*Required work:* Apart from the pictures, return every line of the listing exactly.

*Records for the exercise:*
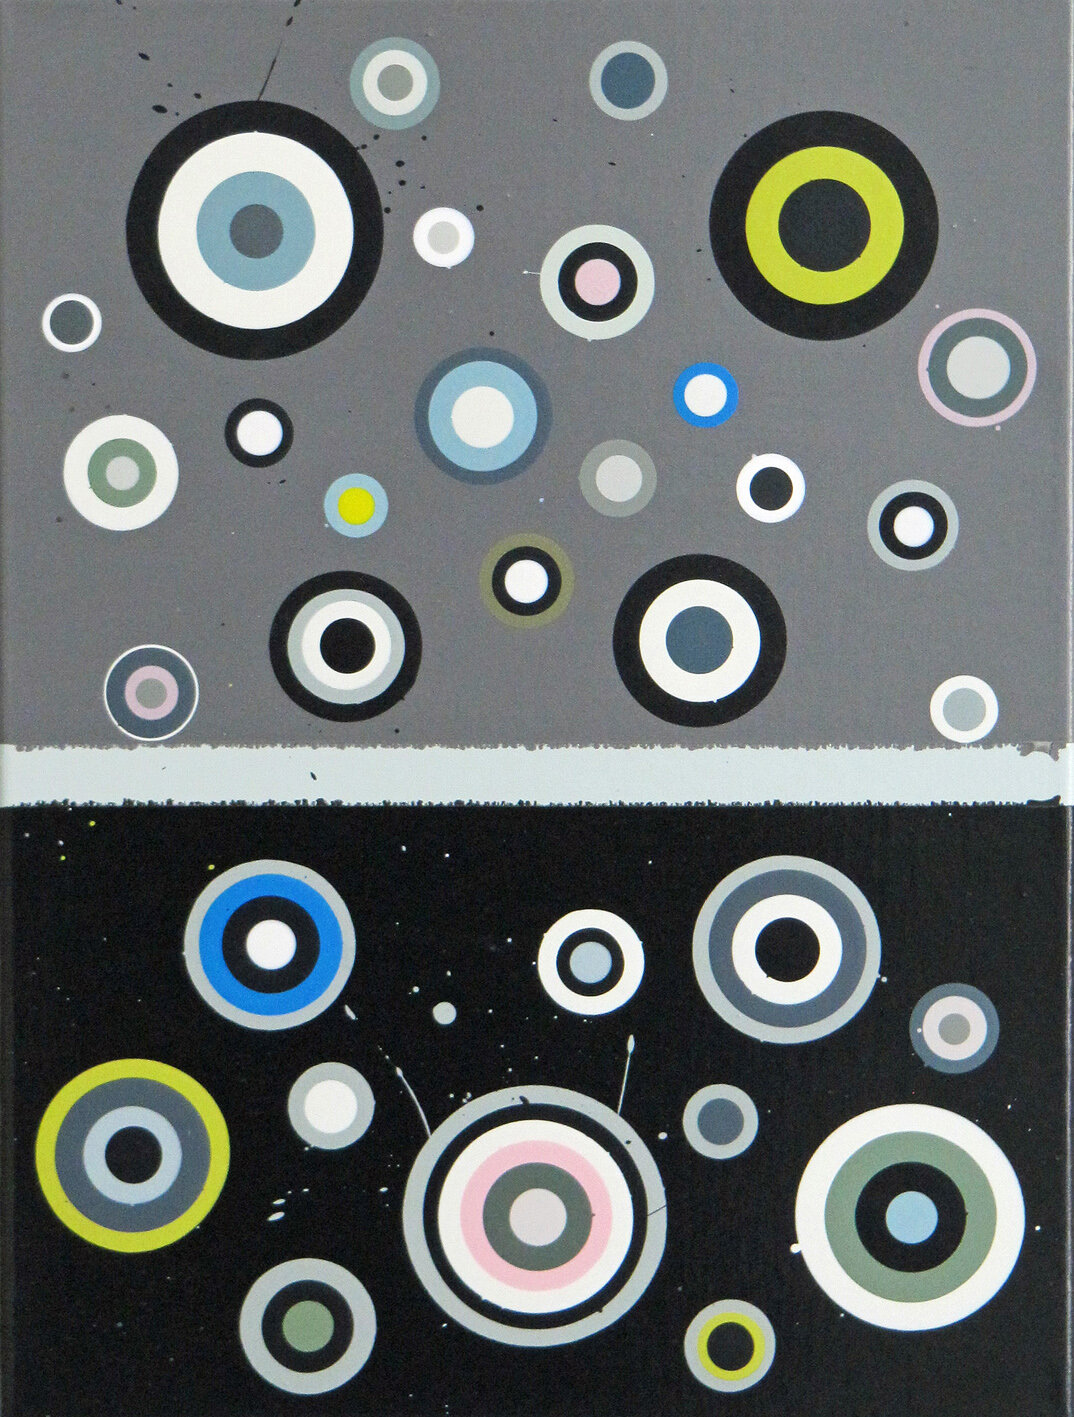  o.T., 2020, acrylic and lacquer on canvas, 40 x 30 cm 
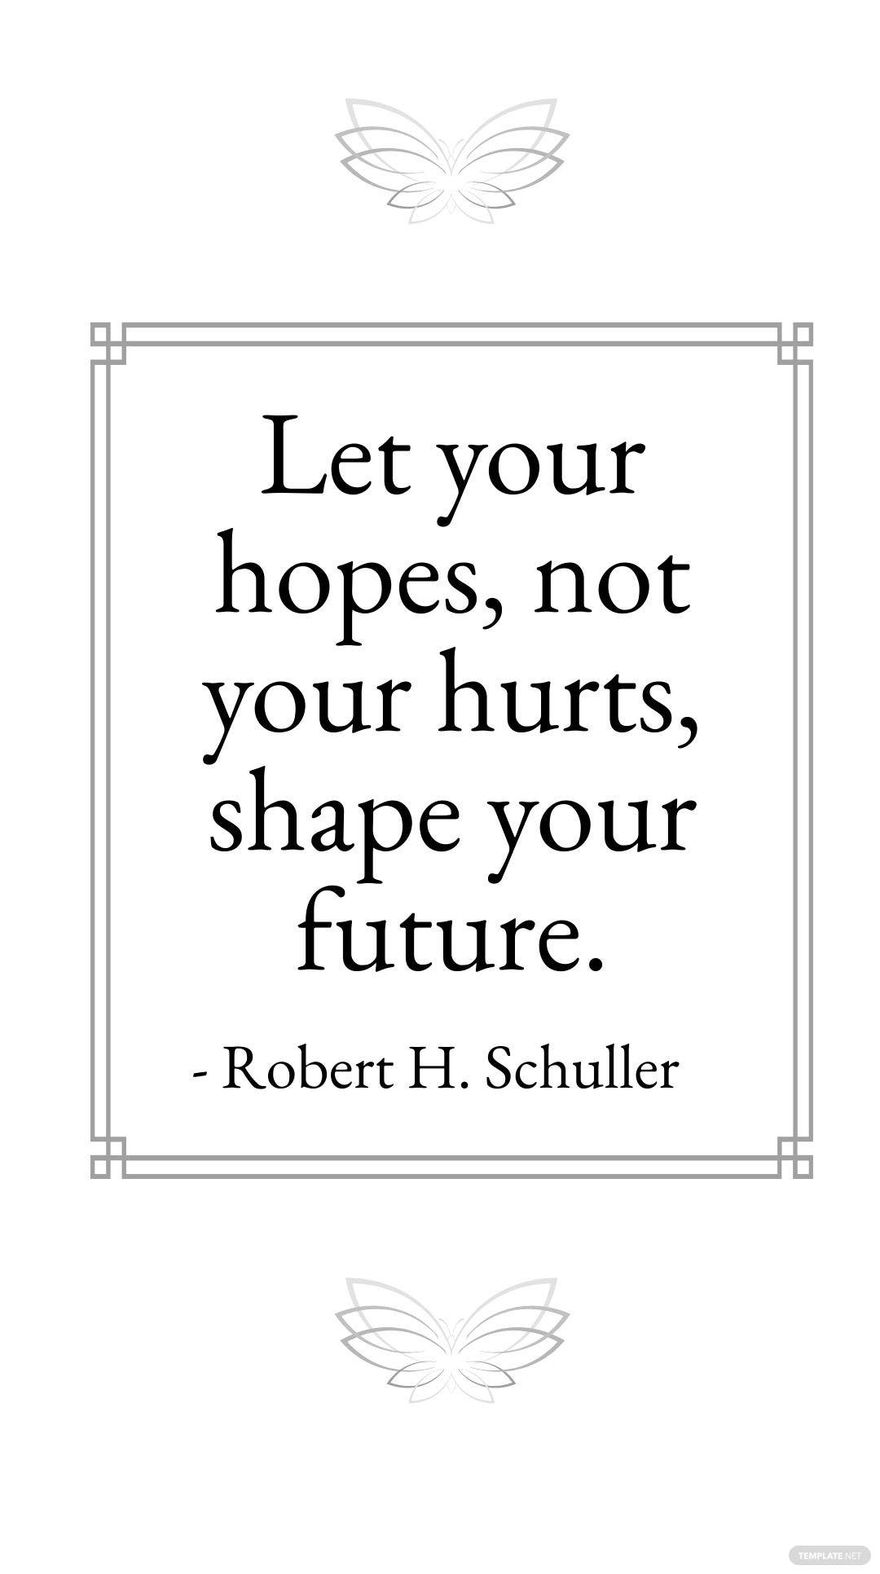 Robert H. Schuller - Let your hopes, not your hurts, shape your future.
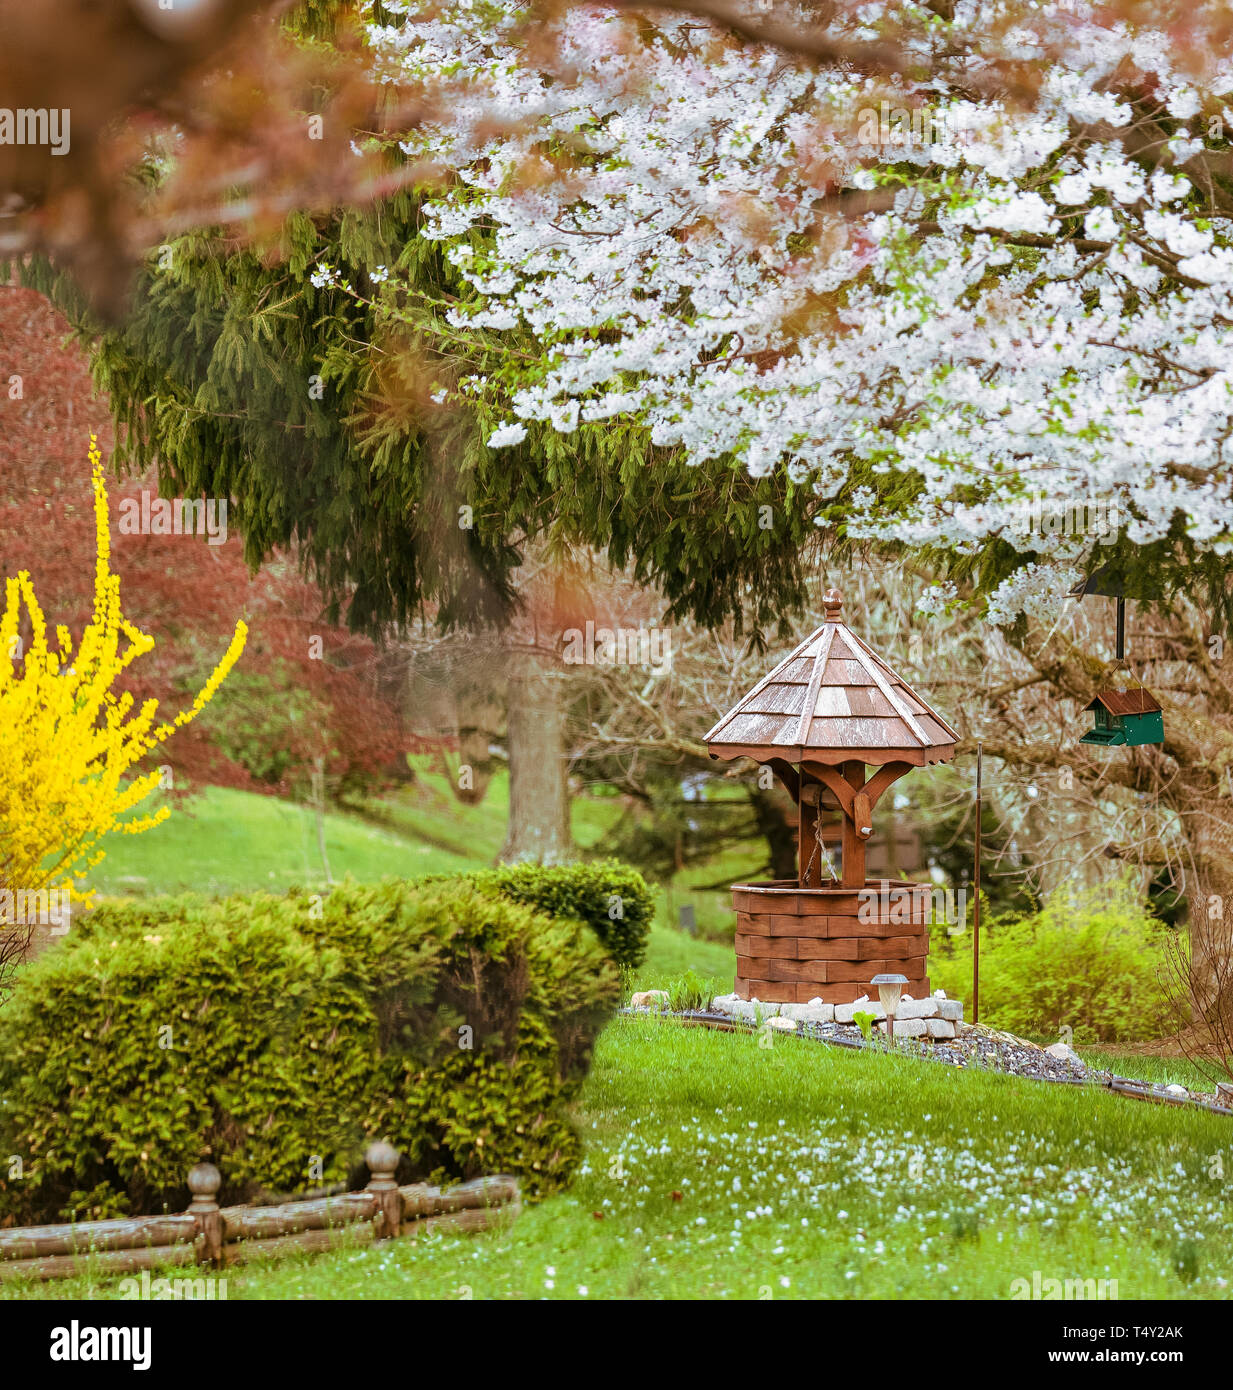 Garden With A Well Located At A Home Stock Photo
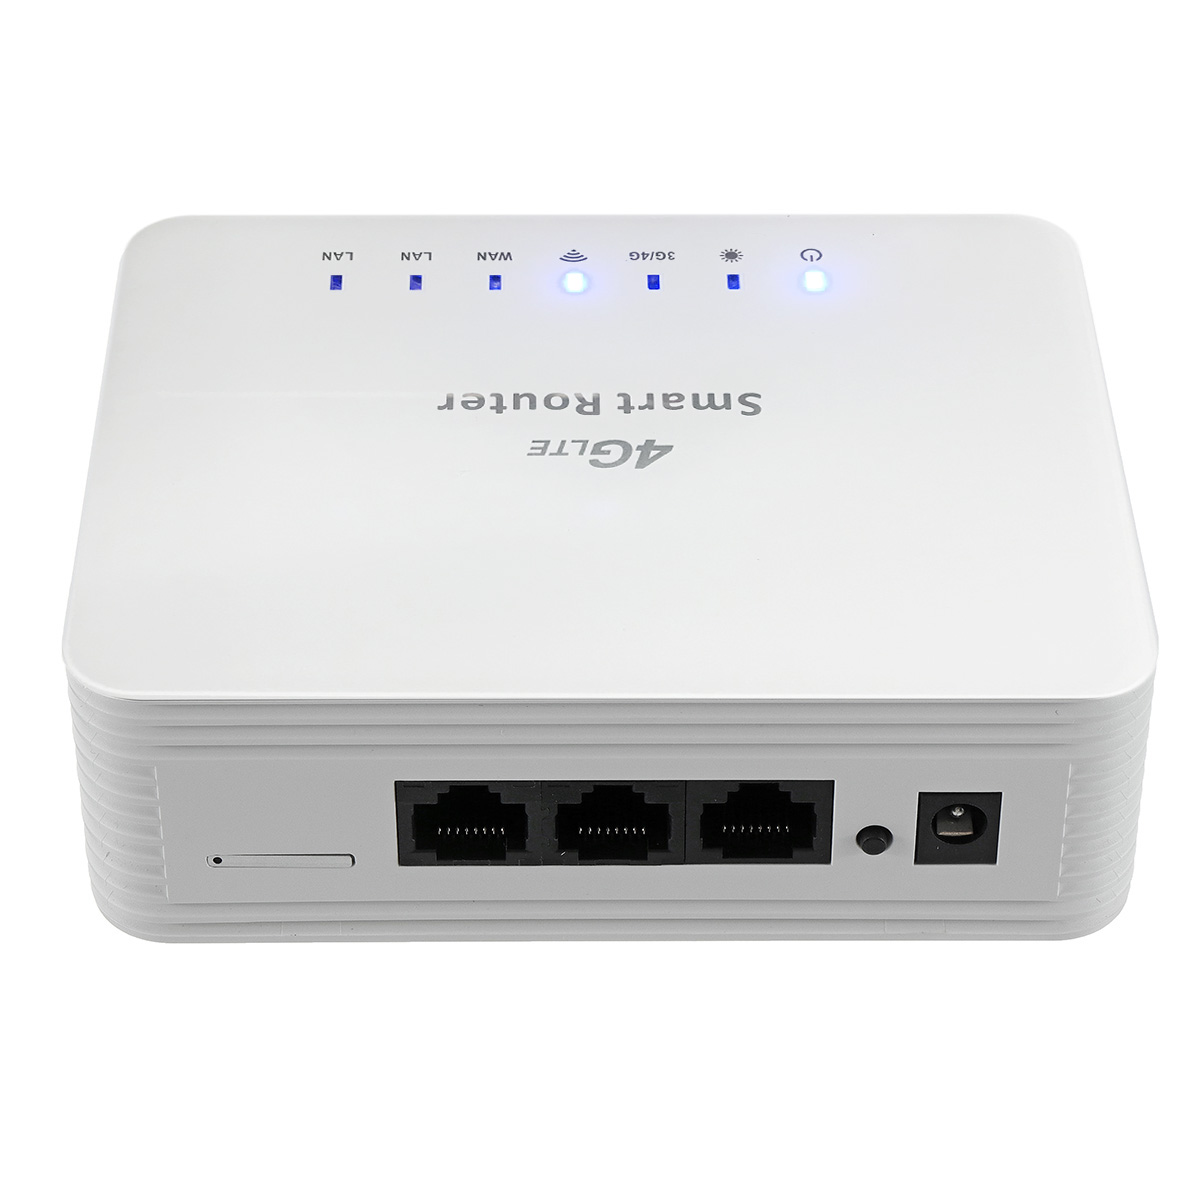 300Mbps-4G-LTE-CPE-Router-LED-Indicator-24G-Mobile-Wireless-Router-SIM-Card-Holder-Wifi-LAN-Adapter-1762929
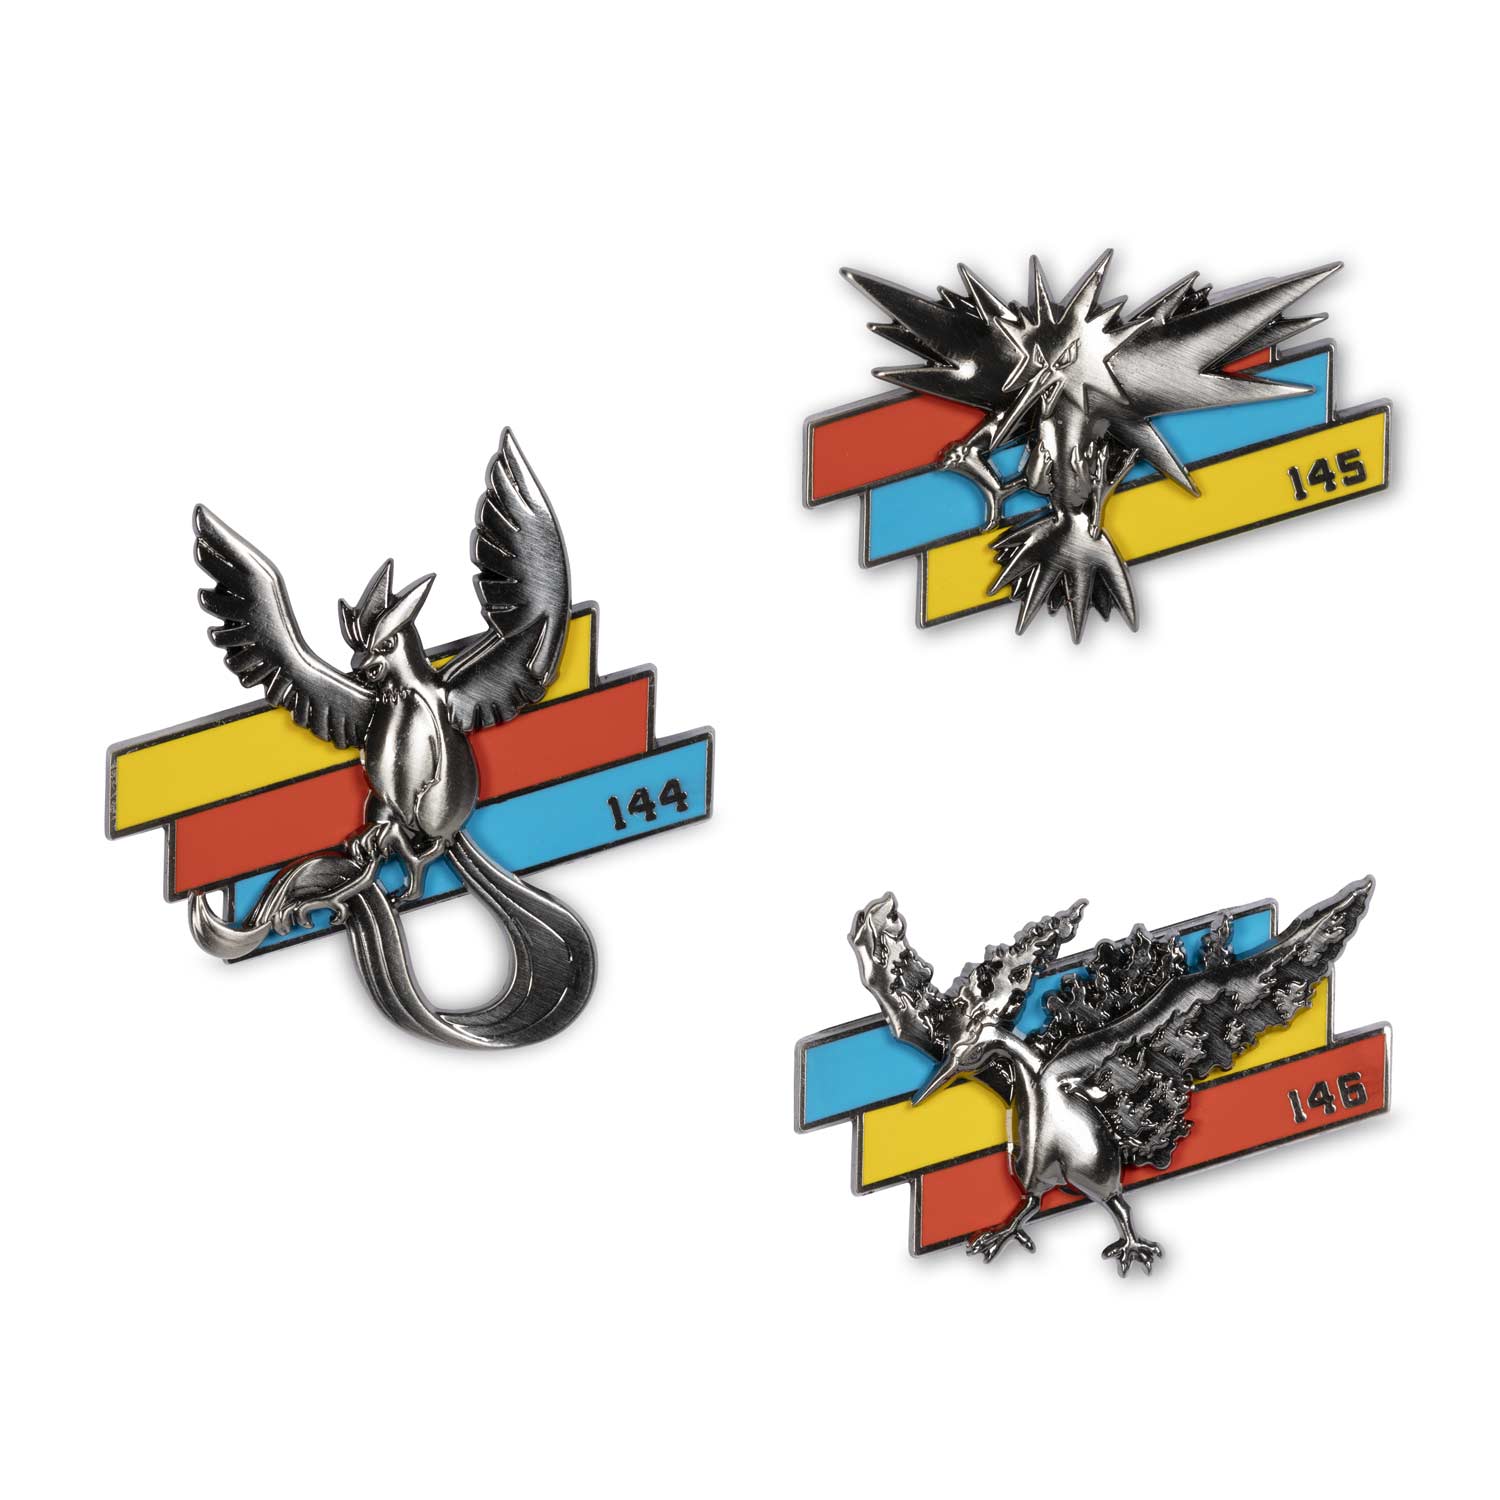 Articuno Zapdos Moltres Better Together Pokemon Pins 3 Pack

*Written solution:*
  o.T., 2020, acrylic and lacquer on canvas, 40 x 30 cm 
 Robert H. Schuller - Let your hopes, not your hurts, shape your future.
 Garden With A Well Located At A Home Stock Photo
 300Mbps-4G-LTE-CPE-Router-LED-Indicator-24G-Mobile-Wireless-Router-SIM-Card-Holder-Wifi-LAN-Adapter-1762929
 Articuno Zapdos Moltres Better Together Pokemon Pins 3 Pack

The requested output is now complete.